From the change wiki

Background knowledge

From source: Factsheet - Wind energy - Center for sustainable systems - University of Michigan

  • Average annual wind speeds of 6.5m/s or greater at 80m [altitude] are generally considered commercially viable.
  • If wind turbines were everywhere, we'd generate far more raw power than we need: (...)( Global onshore and offshore wind power potential at commercial turbine hub heights could provide 840,000 TWh of electricity annually.

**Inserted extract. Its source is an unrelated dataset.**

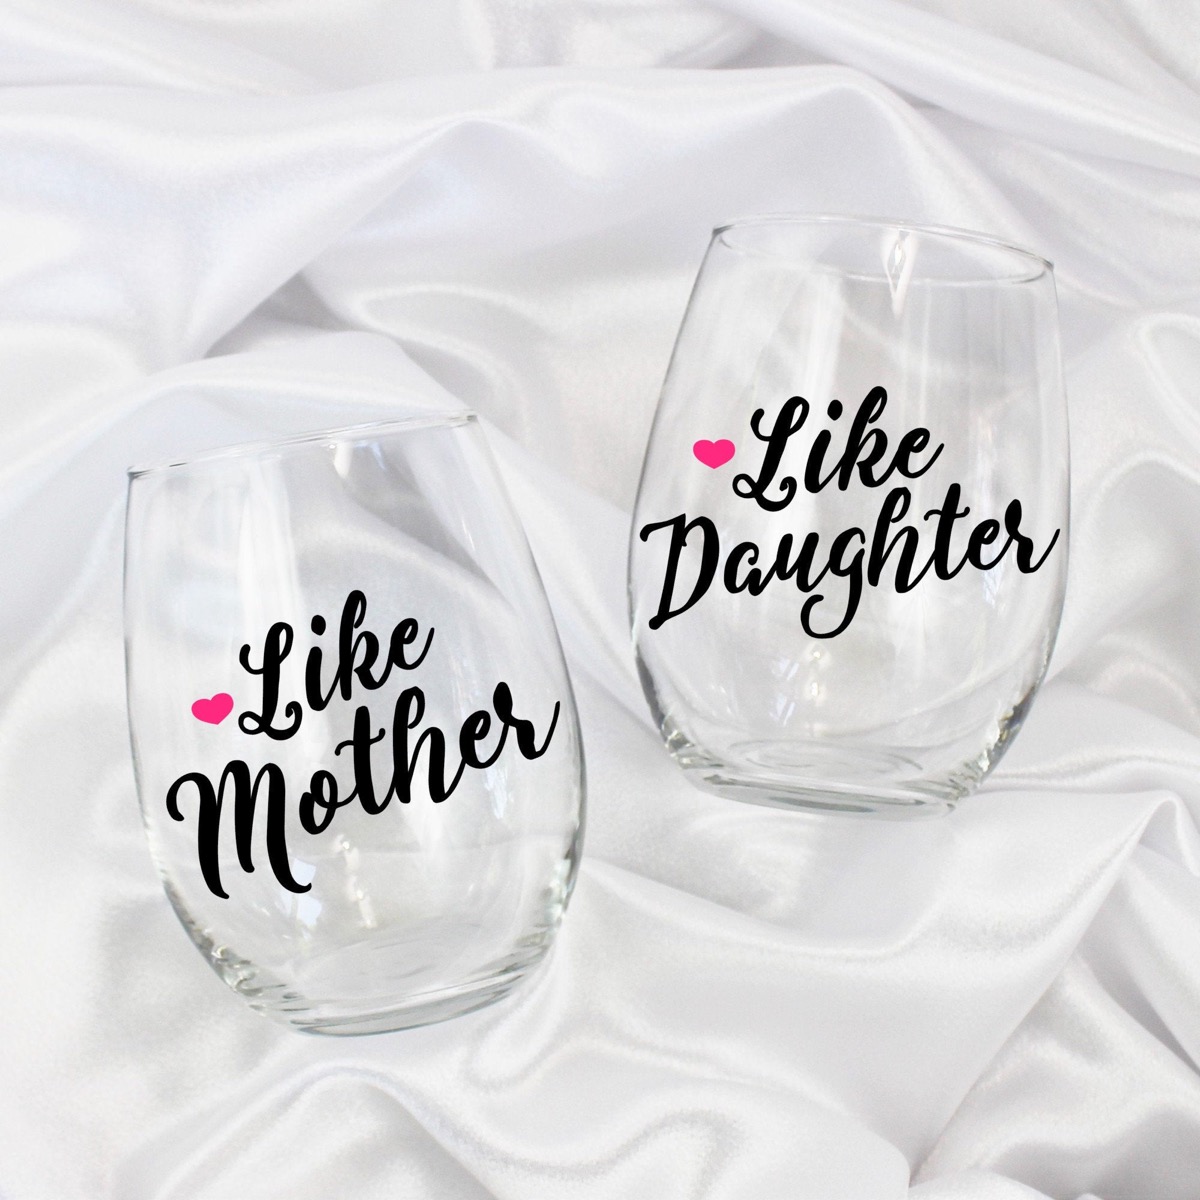 matching stemless wine glasses with "like mother" and "like daughter" on them, mother daughter gifts

Total global electricity consumption from all sources in 2018 was about 23,398 TWh. ... ... Similarly, the annual continental U.S. wind potential of 68,000 TWh greatly exceeds annual U.S. electricity consumption of 3,802 TWh. )

But one question remains...

Do the people live near the places that get a lot of wind?

TO DO: For better visualization, this page needs a new map that superimposes the two - and also shows (for scale) the maximum viable distance that electricity can transmitted. [discussion needed]

Does it matter tho?

How important is it for people to live near wind power anyway?

  • In a wind/hydrogen scenario, hydrogen gas can probably be shipped a long distance anyway.
  • Maybe people could set up a lot of industries(...)( like what? it should be something energy-intensive but not labor-intensive, since not a lot of people around ) "in the middle of nowhere" where the wind blows strongly?